What you should do: Please print the data again exactly as given.
==== Data
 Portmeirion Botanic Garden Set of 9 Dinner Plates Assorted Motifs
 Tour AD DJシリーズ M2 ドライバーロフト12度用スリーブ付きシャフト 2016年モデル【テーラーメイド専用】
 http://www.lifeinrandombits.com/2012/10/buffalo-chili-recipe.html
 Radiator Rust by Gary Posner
========
Completed task:
 Portmeirion Botanic Garden Set of 9 Dinner Plates Assorted Motifs
 Tour AD DJシリーズ M2 ドライバーロフト12度用スリーブ付きシャフト 2016年モデル【テーラーメイド専用】
 http://www.lifeinrandombits.com/2012/10/buffalo-chili-recipe.html
 Radiator Rust by Gary Posner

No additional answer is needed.